- The distributed Hadoop file system can not only retrieve data from flat files but also my structured as well as unstructured sources.
- Today we will exchange( import and export both) data between MySQL and Hadoop.
- Step 1 – First load data into MySQL from some external source
- Connect to the Ambari Sandbox using ‘maria_dev’ credentials
- Now use the wget command to download a SQL script which creates a database and puts data into respective tables
- wget https://s3.amazonaws.com/testbucket786786/movielens.sql
-

movielens.sql downloaded from https://s3.amazonaws.com/testbucket786786 - in Ambari MySQL in already pre-installed, if not you might need to install MySQL first. The credentials of pre-installed MySQL in Ambari/HortonWorks is root with password hadoop.
- Let’s connect to MySQL and create a ‘movielens’ database and run our SQL script to create all the tables and data for this exercise.
-

mysql -u root -p command prompts you to enter password to connect to MySQL then you check the list of databases using show databases command. Now create a database movielens using command create database movielens and finally switch to that database using command use movielens. - Now lets execute the downloaded SQL script to generate the data.
-

You should set the names and character set to UTF8 because it might contain UTF8 characters too.
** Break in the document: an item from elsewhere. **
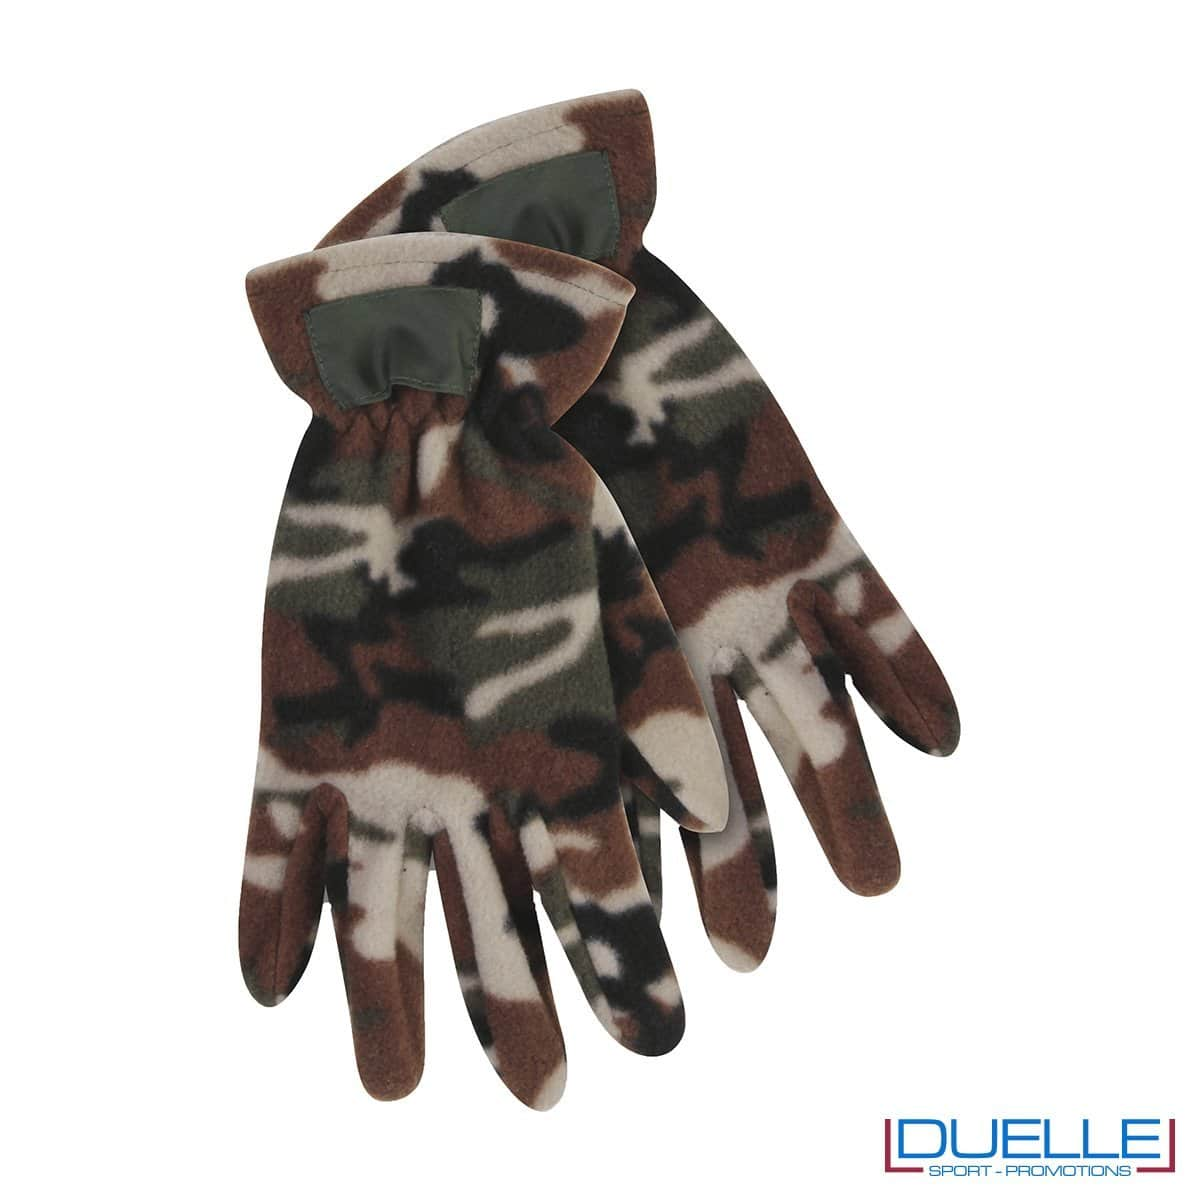 guanti in pile personalizzati in colore camouflage, guanti invernali personalizzati

Use commands – set NAMES ‘UTF8’ and set CHARACTER SET UTF8. Then finally execute the downloaded SQL script to generate tables and data as source movielens.sql; - Verify that now SQL has data needed and run a SQL query to check for the MostRated Movie.
-

show tables; command shows list of all tables in the database. describe movies; command show the schema of the table movies and so on. -

The query and the results
select movies.title, count(ratings.movie_id) as ratingCount, avg(ratings.rating) as avgRatingselect movies.title, count(ratings.movie_id) as ratingCount, avg(ratings.rating) as avgRating from movies join ratings on movies.id=ratings.movie_id group by ratings.movie_id having ratingCount>10 order by avgrating DESC limit 10;
- Step 2 : Import Data from MySQL to HDFS
- We use Sqoop Import Command for importing data into HDFS
- First Important step – grant all privileges on movielens database. Run this command on MySQL and then exit the MySQL shell using exit command
- grant all privileges on movielens.* to ”@’localhost’;
- Command breakdown is like this –
- sqoop import –connect jdbc:mysql://localhost/movielens –driver com.mysql.jdbc.Driver –table moviestab -m 1
- –connect jdbc:mysql://localhost/movielens species your MySQL database connection
- –driver com.mysql.jdbc.Driver – species the driver
- –table moviestab speciesfies which table to export
- -m 1 – specifies that we want to use only one mapper. For large datasets we can use more.
-

Scoop Import in action. -

Wow…result is success with 1682 rows imported - Once succeeded we will log into Ambari Files view to see if files have been loaded or not.
-

Great, we imported data from MySQL to HDFS
- sqoop import –connect jdbc:mysql://localhost/movielens –driver com.mysql.jdbc.Driver –table moviestab -m 1
- Step 3 : Import Data from MySQL to Hive
- lets see how can we import directly into HIVE.
- sqoop import –connect jdbc:mysql://localhost/movielens –driver com.mysql.jdbc.Driver –table movies -m 1 –hive-import

Only difference is that we added a flag –hive-import -

yay!!!, the data is imported directly to hive.
- Step 4: Export Data from Hive to MySQL
- lets do the opposite, export data from HDFS to MySQL
- One pre-conditions is there that the table should be existing in MySQL as Sqoop export does not create tables at destination
- Use this command to create a new empty table from movies table
- create table moviestab as select * from movies where 1=0
- this will create a table moviestab which is empty as condition 1=0 does not return any rows, but definitely copies the structure.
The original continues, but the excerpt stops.